Autoscaling is a technique that is used to automatically adjust the resources allocated to an application based on predefined metrics. An application deployment/statefulset or any other resource can be dynamically scaled up or down to meet fluctuating demand, ensuring efficient resource utilization and optimal application performance.
Benefits of Autoscaling
Autoscaling is needed in cloud-native environments like Kubernetes for several reasons:
- Dynamic Workload Demands: Applications often experience fluctuating traffic patterns throughout the day or across different seasons.
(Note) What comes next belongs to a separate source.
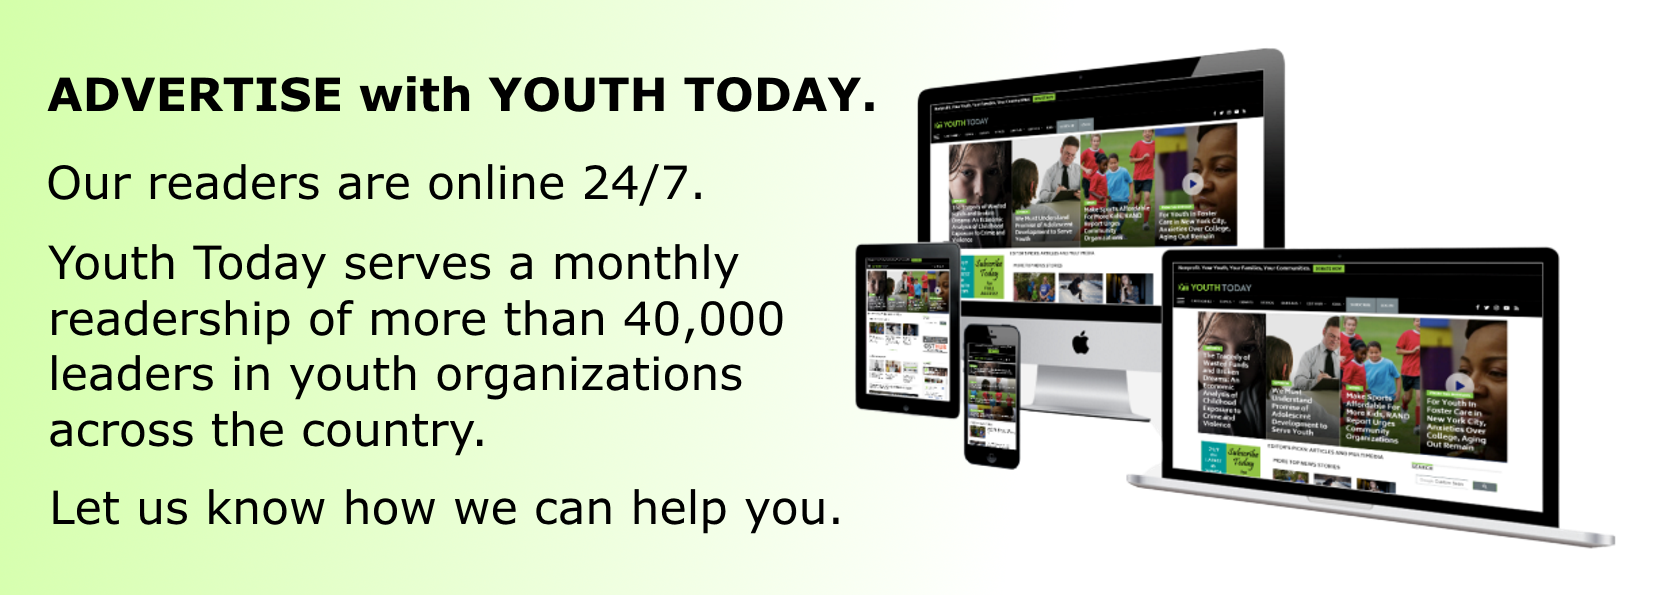 Various size computer, tablet & phone screens with text promoting advertising with Youth Today and 24/7 access.

Autoscaling allows resources to be added or removed automatically based on these variations, ensuring that the application can handle peak loads without being over-provisioned during quieter periods.
- Optimal Resource Utilization: Without autoscaling, resources may be provisioned based on peak loads, leading to underutilization during off-peak times and increased costs. Autoscaling adjusts resources dynamically, optimizing resource utilization and reducing unnecessary expenses.
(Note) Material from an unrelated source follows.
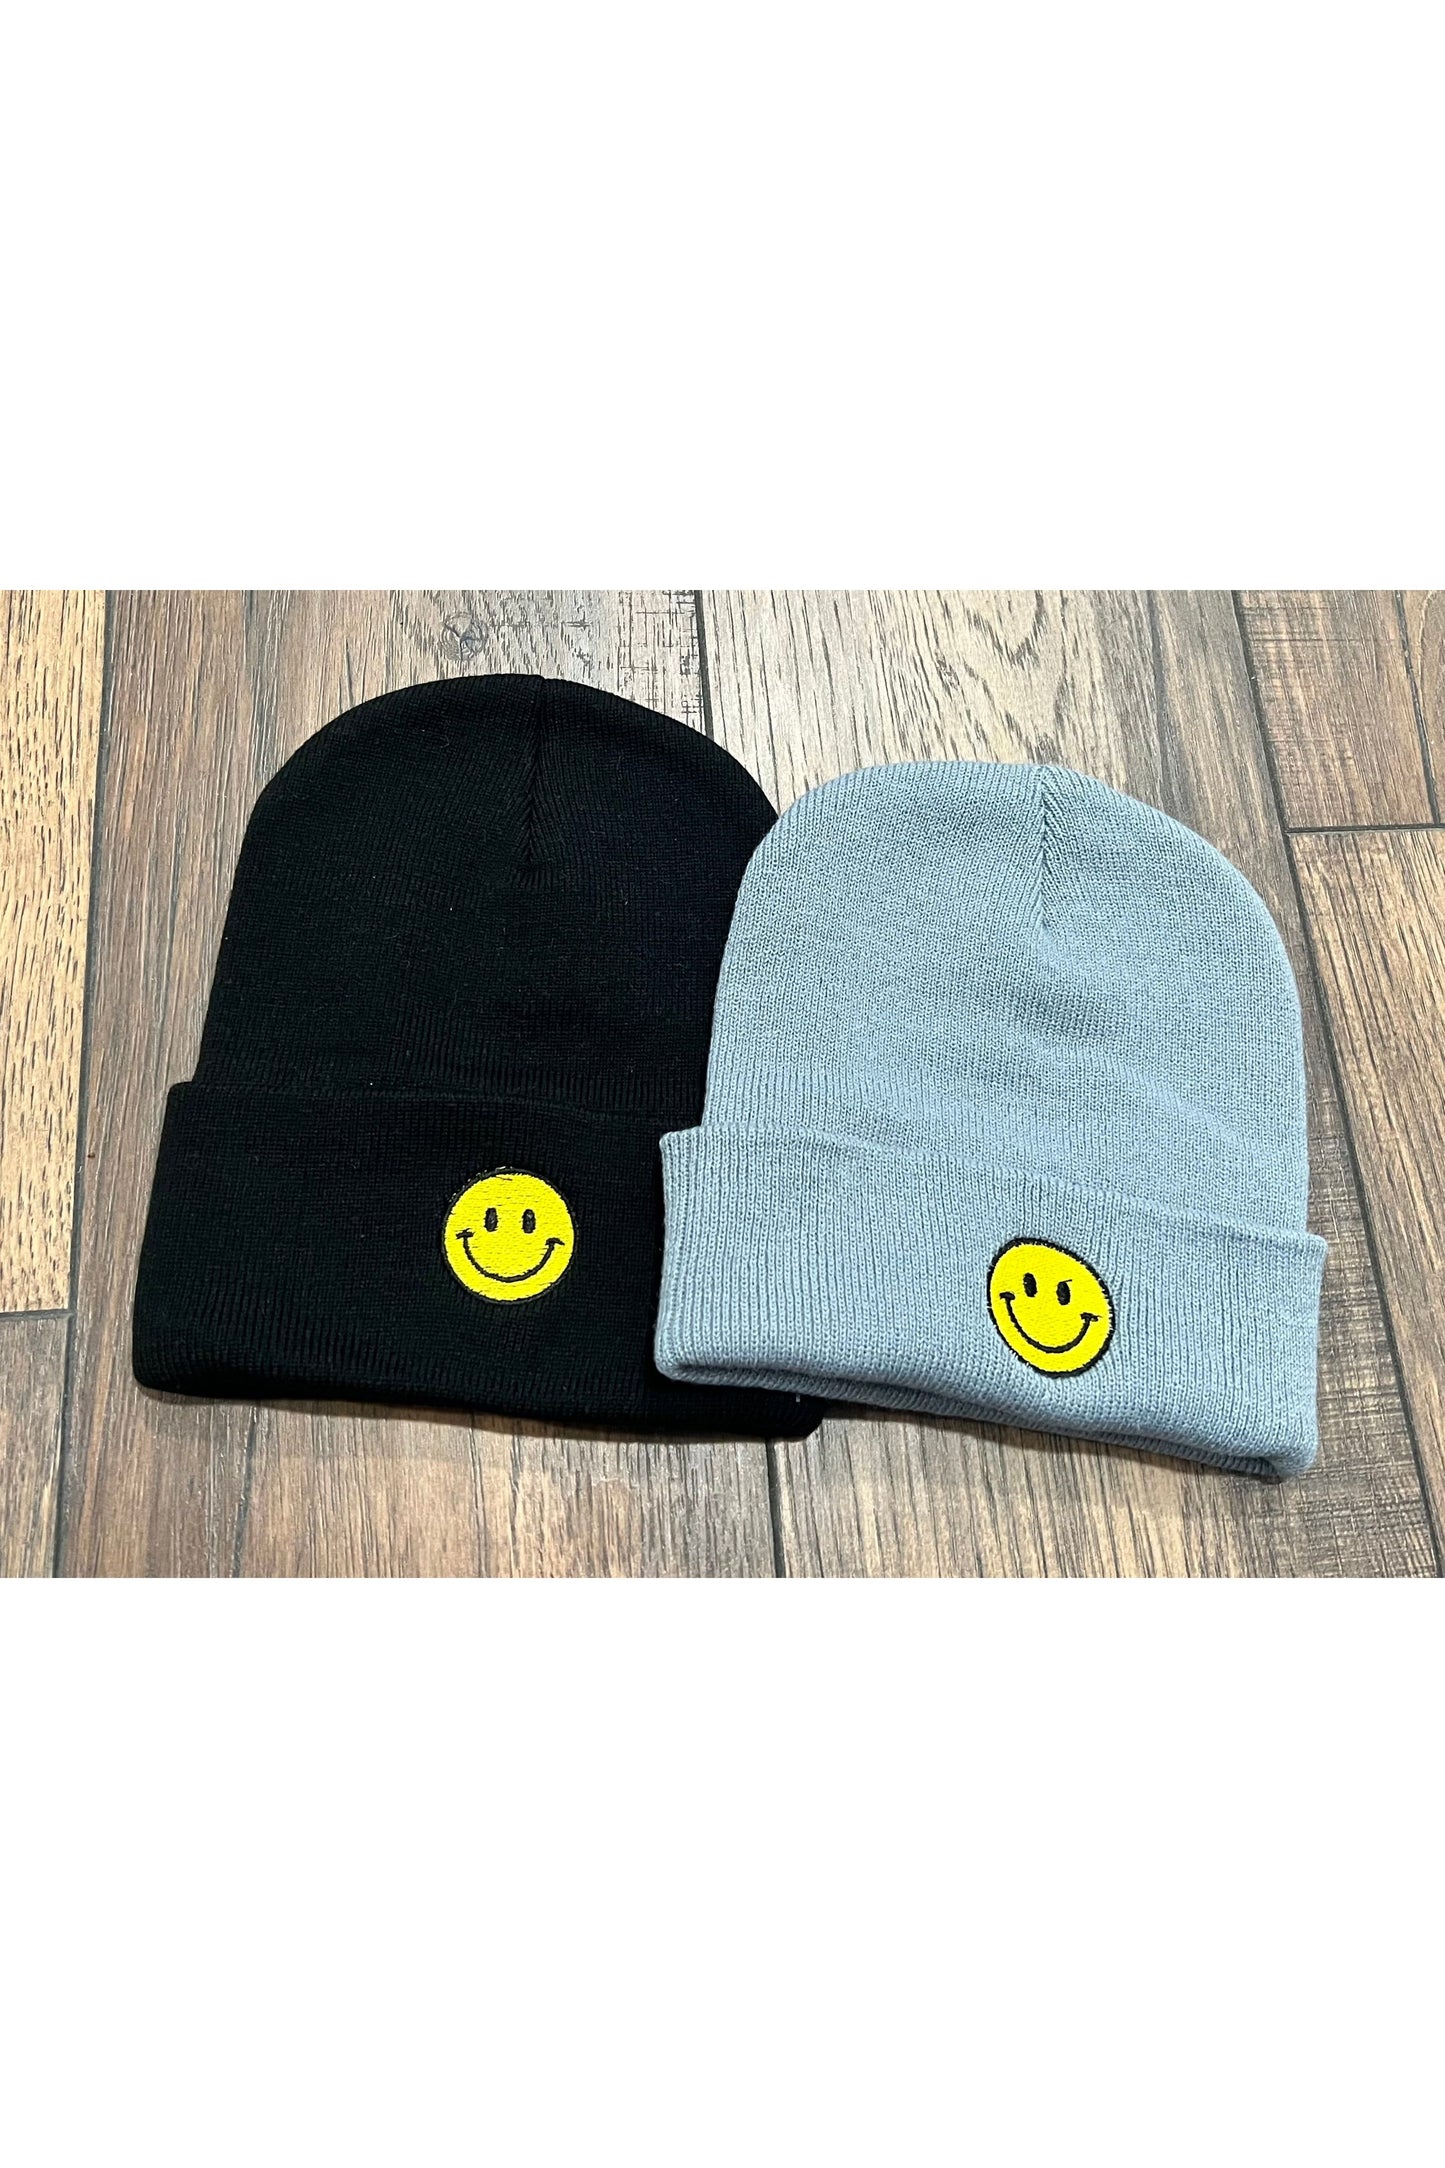 Embroidered Smiley Face Beanies

- Improved Performance and Availability: By scaling resources in response to workload changes, autoscaling helps maintain consistent performance levels and availability. It ensures that applications remain responsive even under heavy traffic conditions, enhancing user experience and minimizing downtime.
- Cost Efficiency: Autoscaling helps control infrastructure costs by scaling resources up only when needed and scaling down during periods of lower demand. This elasticity allows organizations to pay for resources based on actual usage rather than maintaining fixed-capacity infrastructure.
- Operational Efficiency: Manual scaling processes can be time-consuming and prone to human error. Autoscaling automates the scaling process, reducing the burden on operations teams and enabling faster response to workload changes.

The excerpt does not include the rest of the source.